Once you’re partway into the wraithworld, all sorts of evil spirits — like blog-comment trolls! — acquire a measure of power over you. . . .

HAPPY MEMORIAL DAY. Just remember, it’s not all about picnics and beer.

YEAH, LIGHT BLOGGING. I’m on a family trip and have no internet — getting one bar on a 1xrtt connection that craps out if a sparrow flies between me and the cell tower. So it’s mostly just been the posts I scheduled before I left. Back to normal later tomorrow.

FASTER, PLEASE: Healing The Heart With Bone-Marrow Cells: “Injecting the hearts of angina sufferers with cells extracted from their own bone marrow can reverse the condition and relieve its symptoms, a new study suggests. The Dutch cardiologists behind the placebo-controlled study say that the results may lead to radical new treatments for patients for whom surgery and medication bring little or no relief from this painful and debilitating condition, which results from narrowed arteries that cannot supply enough blood to the heart during exercise. All 50 subjects involved in the study were resistant to existing treatments.
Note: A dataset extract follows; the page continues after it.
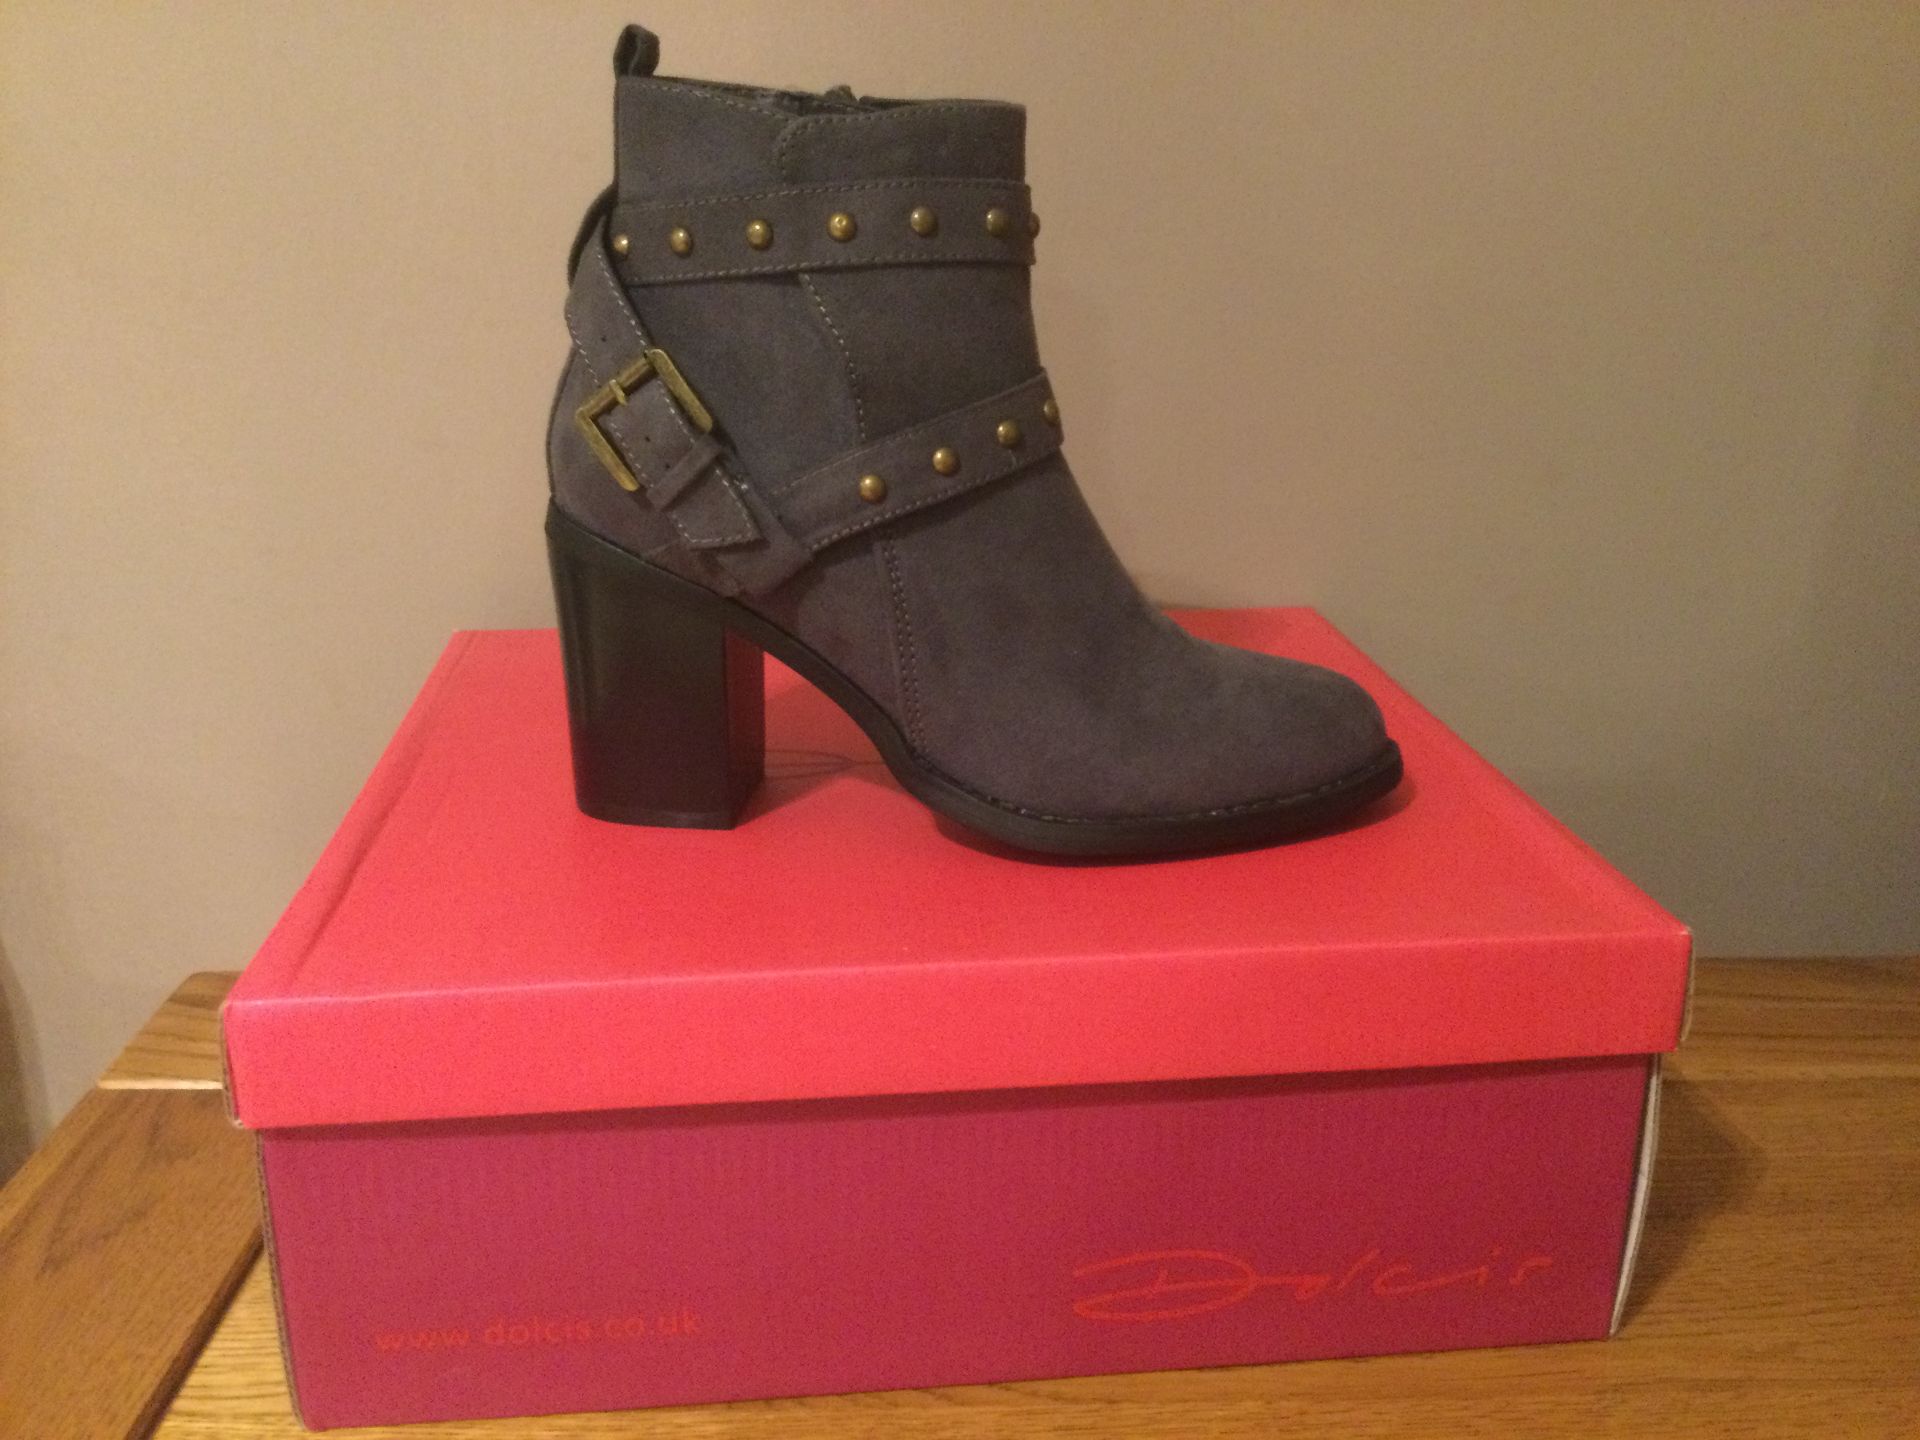 Dolcis “Piper” High Block Heel Ankle Boots, Size 7, Grey - New RRP £49.99 - Image 3 of 6

Three months after being given the injections, patients’ hearts were less starved of blood, and they were able to exercise more, researchers report in the latest issue of the Journal of the American Medical Association.”

I THINK IT’S BECAUSE THE ENVIRONMENT HAS BECOME HOSTILE: Trying to account for the “lost men” on campus. I don’t think that efforts to “disrupt hegemonic masculinity” will do much to address the problem; I suspect, in fact, that the mentality revealed in this story is the problem.
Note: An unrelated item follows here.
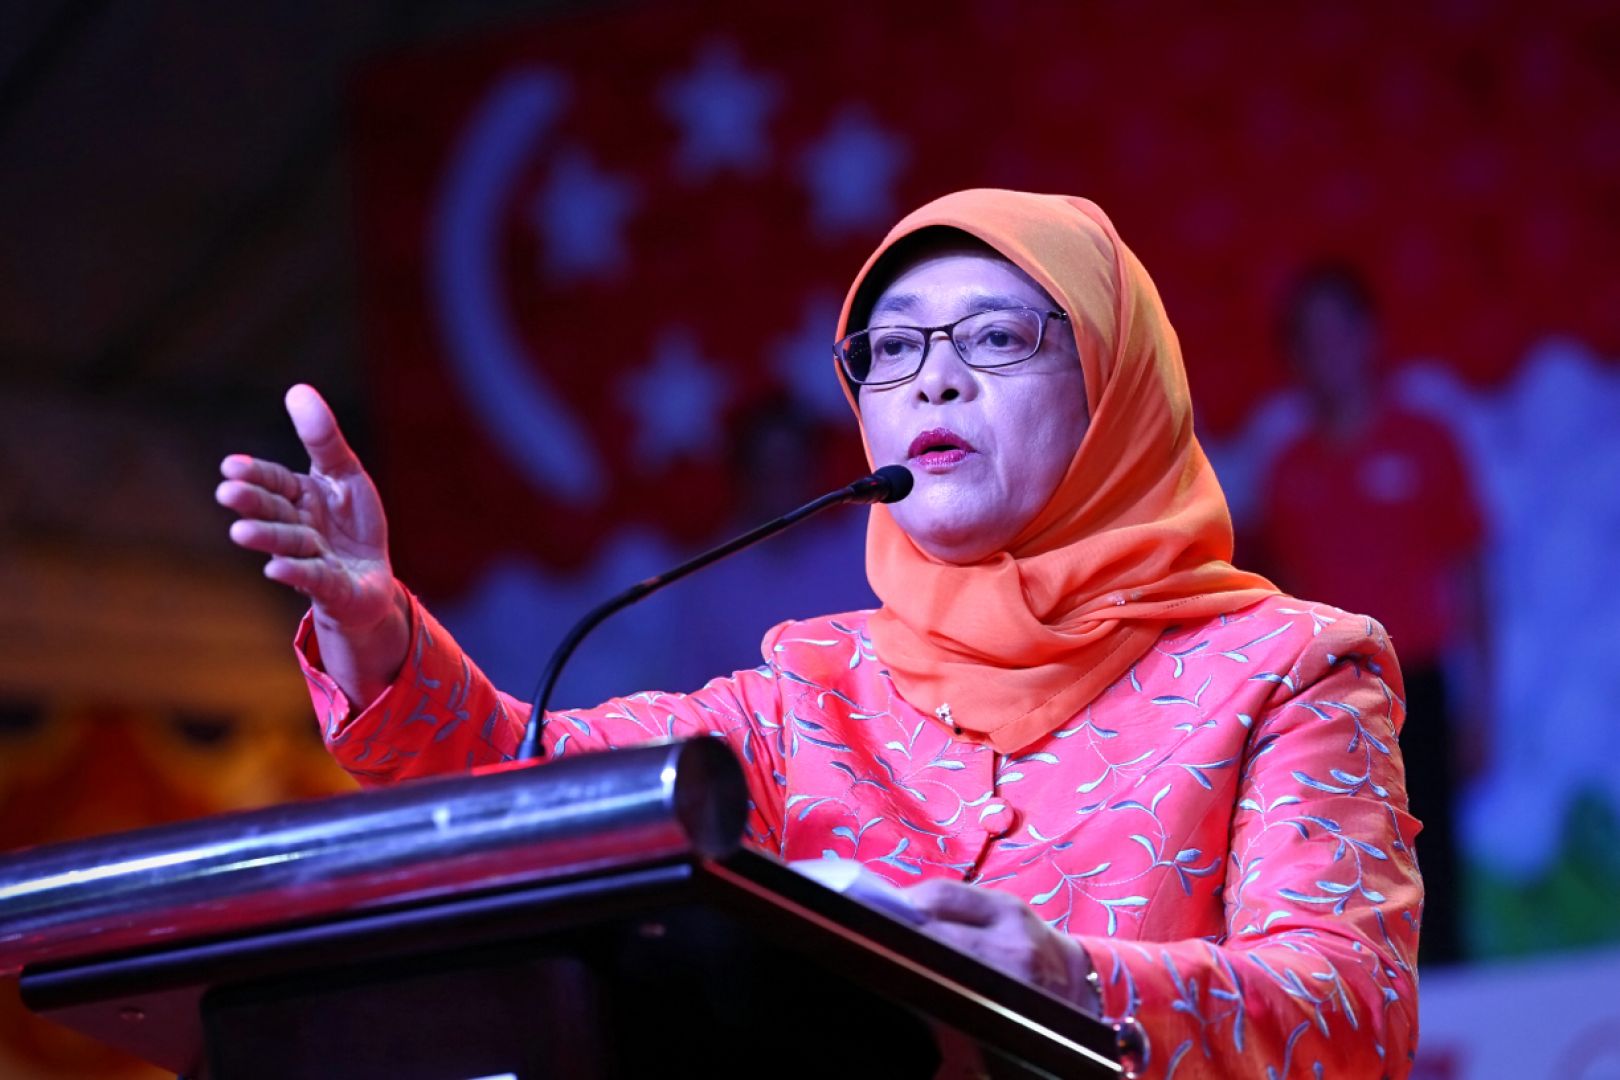 Speaker of Parliament Halimah Yacob has announced that she will run for the highest office in the land, weeks after revealing that she was mulling over contesting next month's Presidential Election. u00e2u20acu201d TODAY pic

I had some thoughts on this subject a while back, here.

UPDATE: Reader Andrew Berman writes:

I suggest that college administrators look to two organizations which have a spectacular track record in creating wonderful men: The United States Military and the Boy Scouts. The main difference between these organizations and most colleges is that they don’t treat men as imperfect women.

Good point.

BEWARE THE DREADED Shatnerquake.

IN THE MAIL: From Edward Willett, Marseguro.
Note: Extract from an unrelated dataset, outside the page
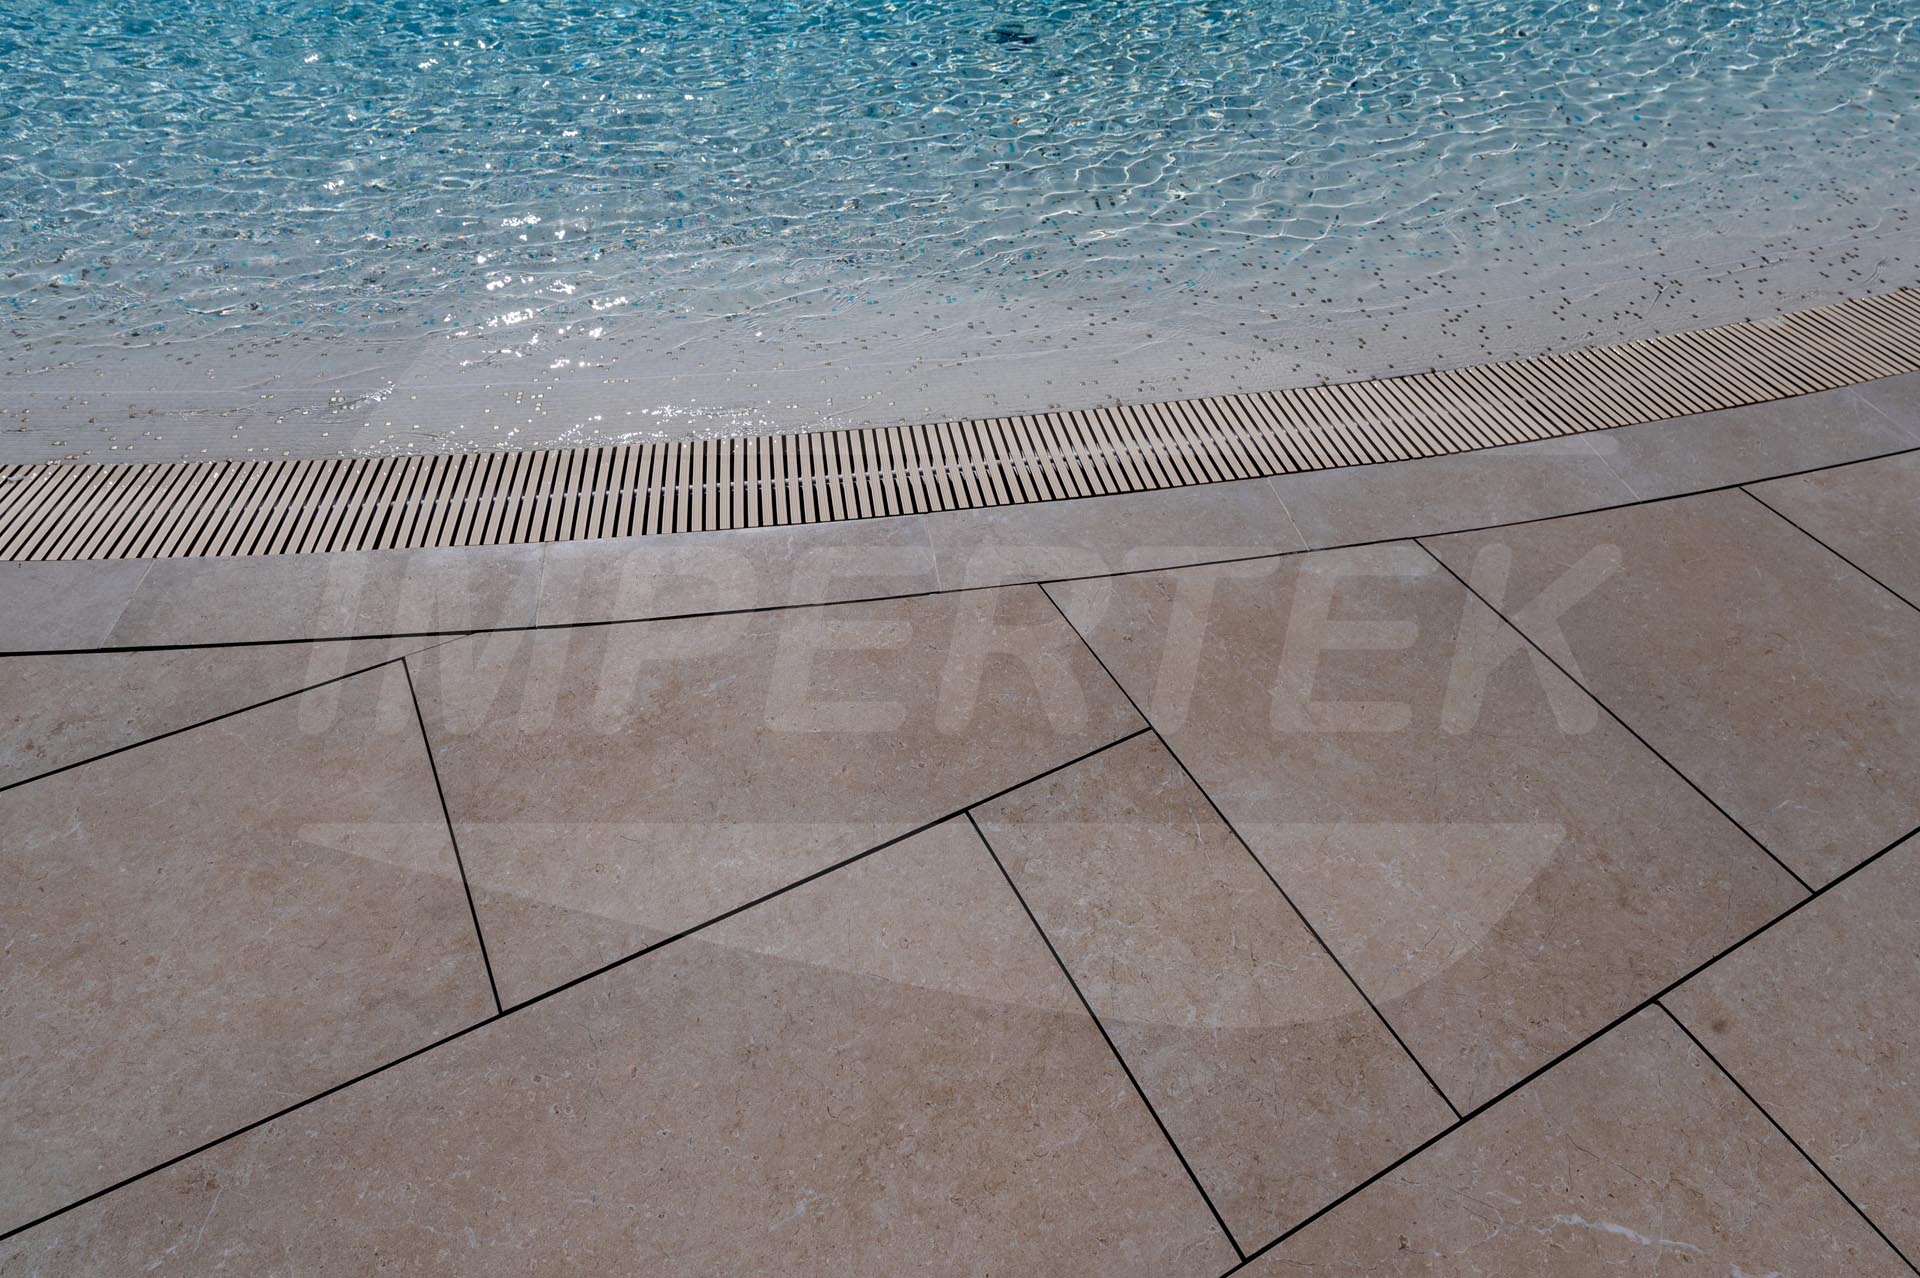 A new pool area signed by Impertek

COOL: Rotating Space Elevator Propels Its Own Load. “The idea of the space elevator just got a little crazier. While the ‘traditional’ concept involved using rocket propulsion or laser light pressure to propel loads up a cable anchored to Earth, a new study shows that a rotating space elevator could do away with engines or laser light pressure application completely. Instead, the unique double rotating motion of looped strings could provide a mechanism for objects to slide up the elevator cable into outer space. The space elevator could launch satellites and spacecraft with humans, and even be used to host space stations and research posts.”